I paid to read someone else's biased opinions 2 out of 5 stars.
3 of 10 people found this review helpful.

I felt trapped!! I'd used a gift card to purchase this book, so I was determined to see it through to the end. However, 3/4 of the way through I had to give up. What I thought was to be an historical, biographical analysis of the Chronicles of Narnia became a psychological profile of C.S Lewis and his colleagues from one who is not credentialed to psycho-analize anyone. Laura Miller is an author who primarily argues that, although a work of fiction, the Chronicales are somehow laden with latent and evil leanings due to Lewis's defects of character. While I might agree that many of the stories require, as do most works of fiction, the willing suspension of disbelief.
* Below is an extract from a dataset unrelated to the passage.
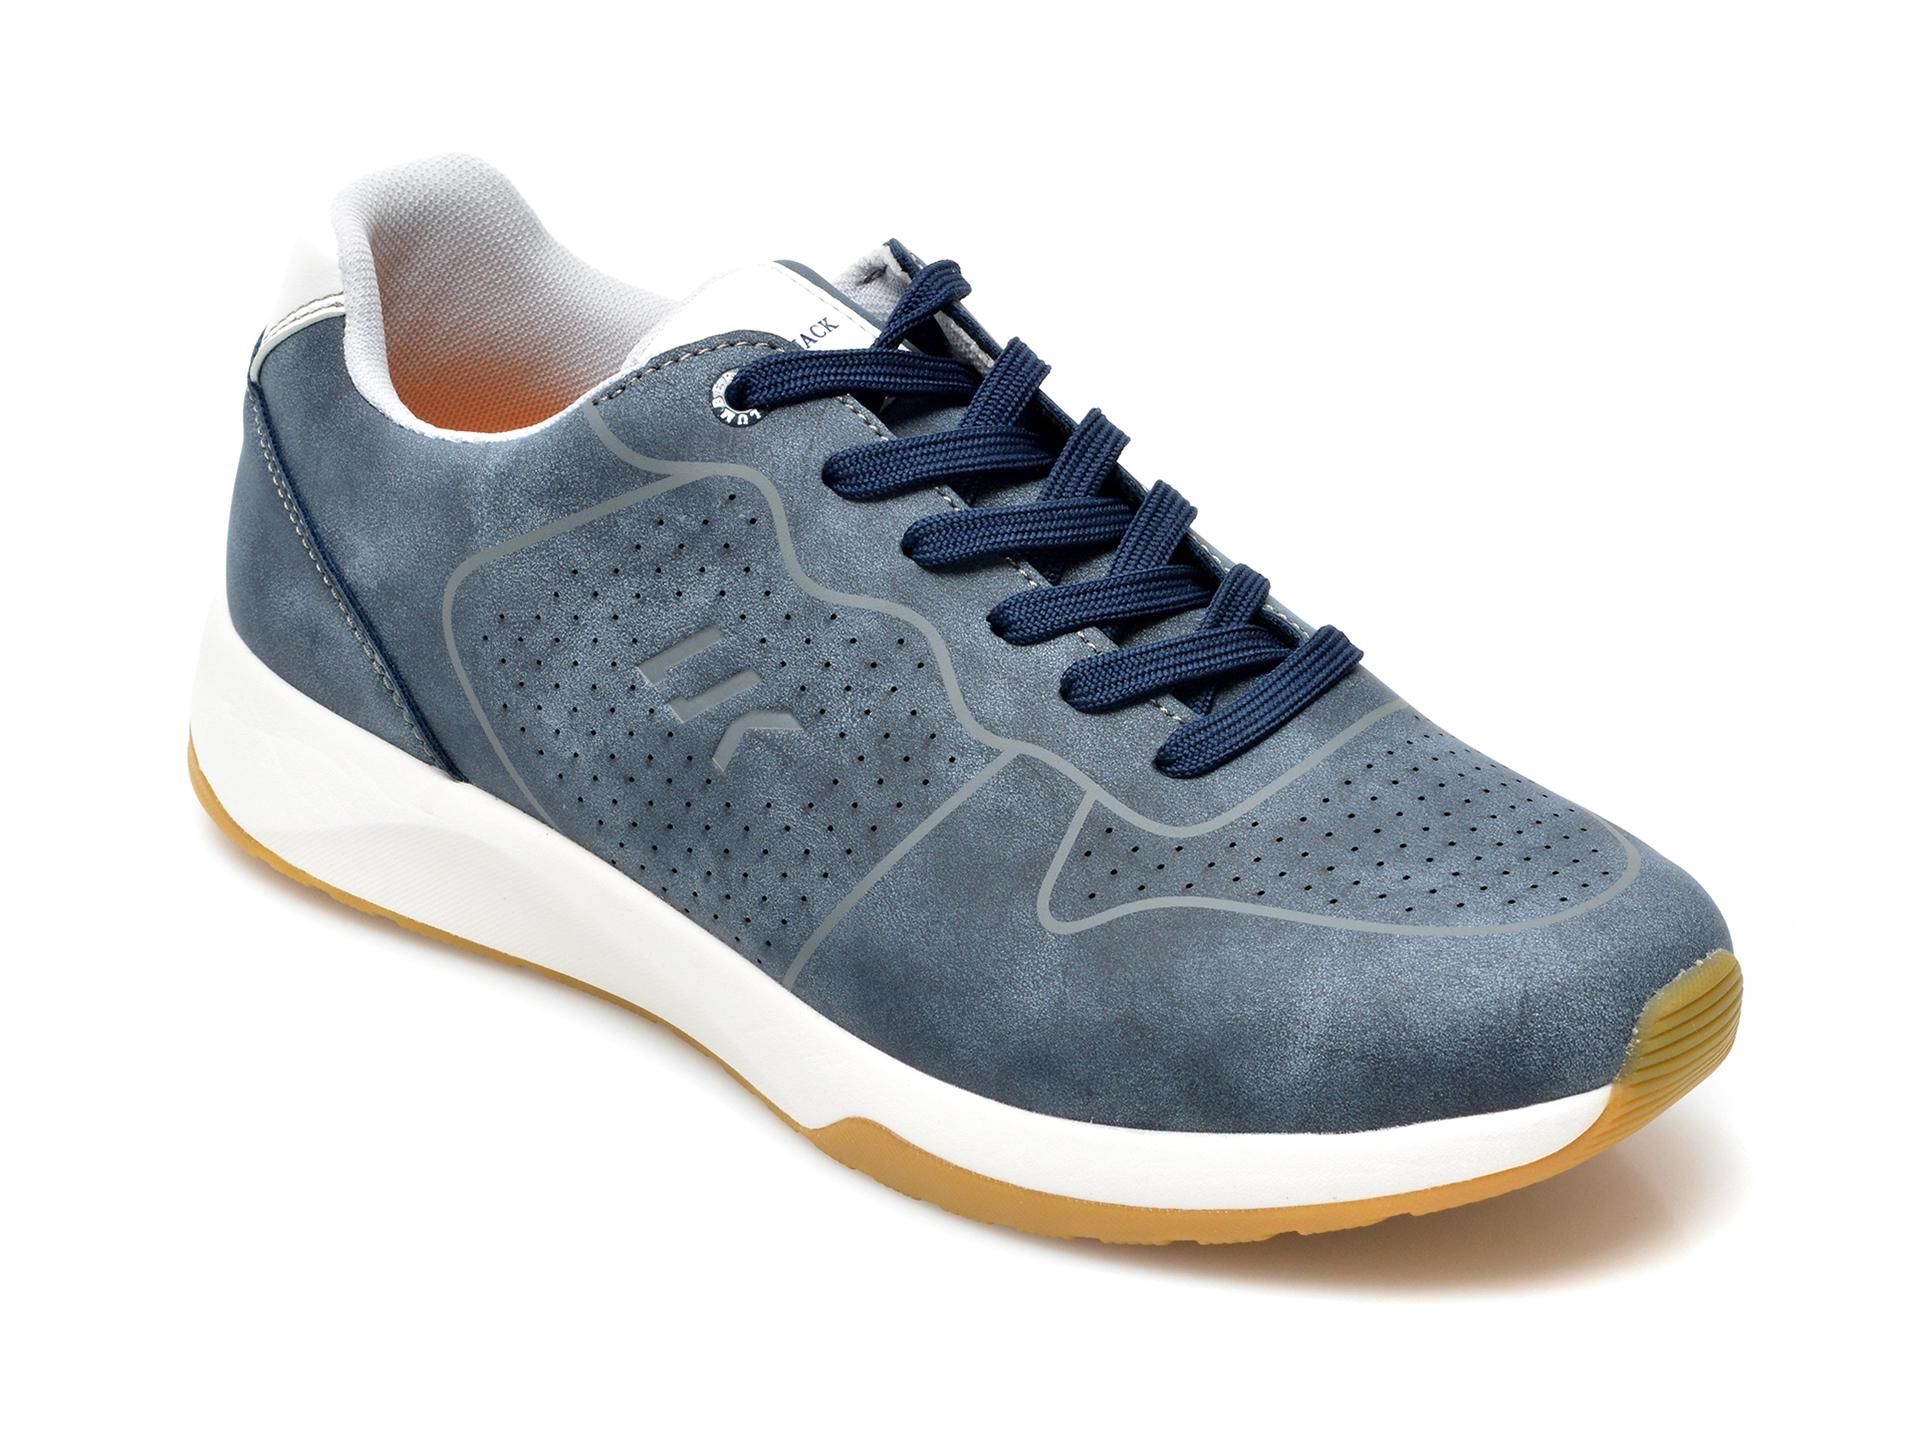 Pantofi Sport Lumberjack Albastri, 8651003, Din Piele Ecologica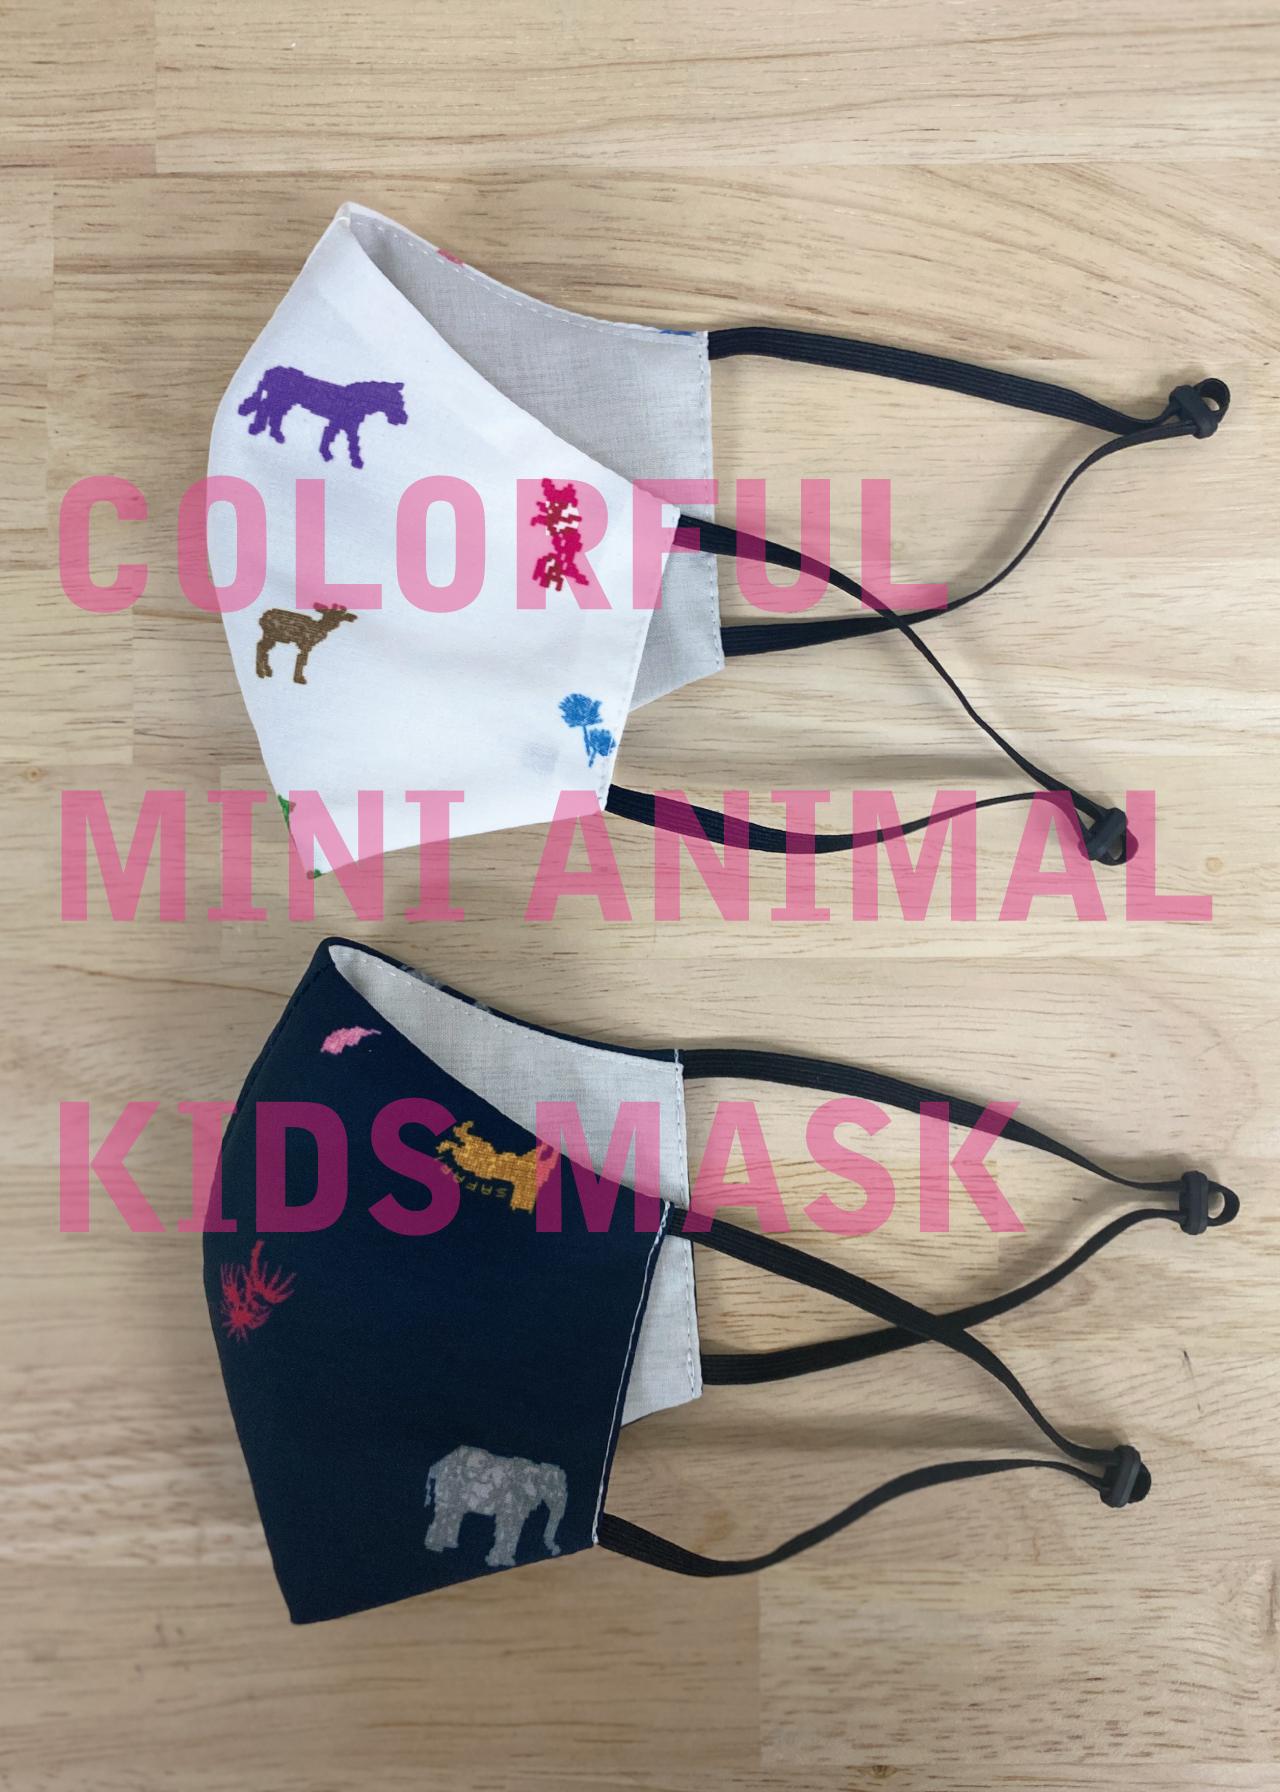 COLORFUL MINI-ANIMAL MASK (キッズ用)

One must read fiction with the understanding that although the author's skema will most assuredly influence the work, it is not true that the author is deliberately trying to trick (especially) little children into believing some pretty bizarre premises if one is to take Ms Miller's opinion seriously.
I did what I rarely do--I tossed the book aside unfinished with complete disdain. I didn't buy the book to read about someone's disappointments with life and religion. I didn't buy the book to read the author's take on C.S Lewis-I bought it thinking I was getting a genuine work in which the use of story in the Narnia books was used to captivate children (and adults) and why it is we all gravitate toward stories to explain life--both secular and religious. That Lewis was a Christian is a given--and yet Ms Miller seems to take umbrage with that alone. Every author, including Laura Miller writes from what he/she knows and believes to be true. Why she should expect anything different from C. S Lewis (and cop an atitude about it) is beyond me.

Editorial Review:

THE MAGICIAN'S BOOK is the story of one reader's long, tumultuous relationship with C.S. Lewis'The Chronicles of Narnia. Enchanted by its fantastic world as a child, prominent critic Laura Miller returns to the series as an adult to uncover the source of these small books' mysterious power by looking at their creator, Clive Staples Lewis. What she discovers is not the familiar, idealized image of the author, but a more interesting and ambiguous truth: Lewis's tragic and troubled childhood, his unconventional love life, and his intense but ultimately doomed friendship with J.R.R. Tolkien.


Finally reclaiming Narnia "for the rest of us," Miller casts the Chronicles as a profoundly literary creation, and the portal to a life-long adventure in books, art, and the imagination.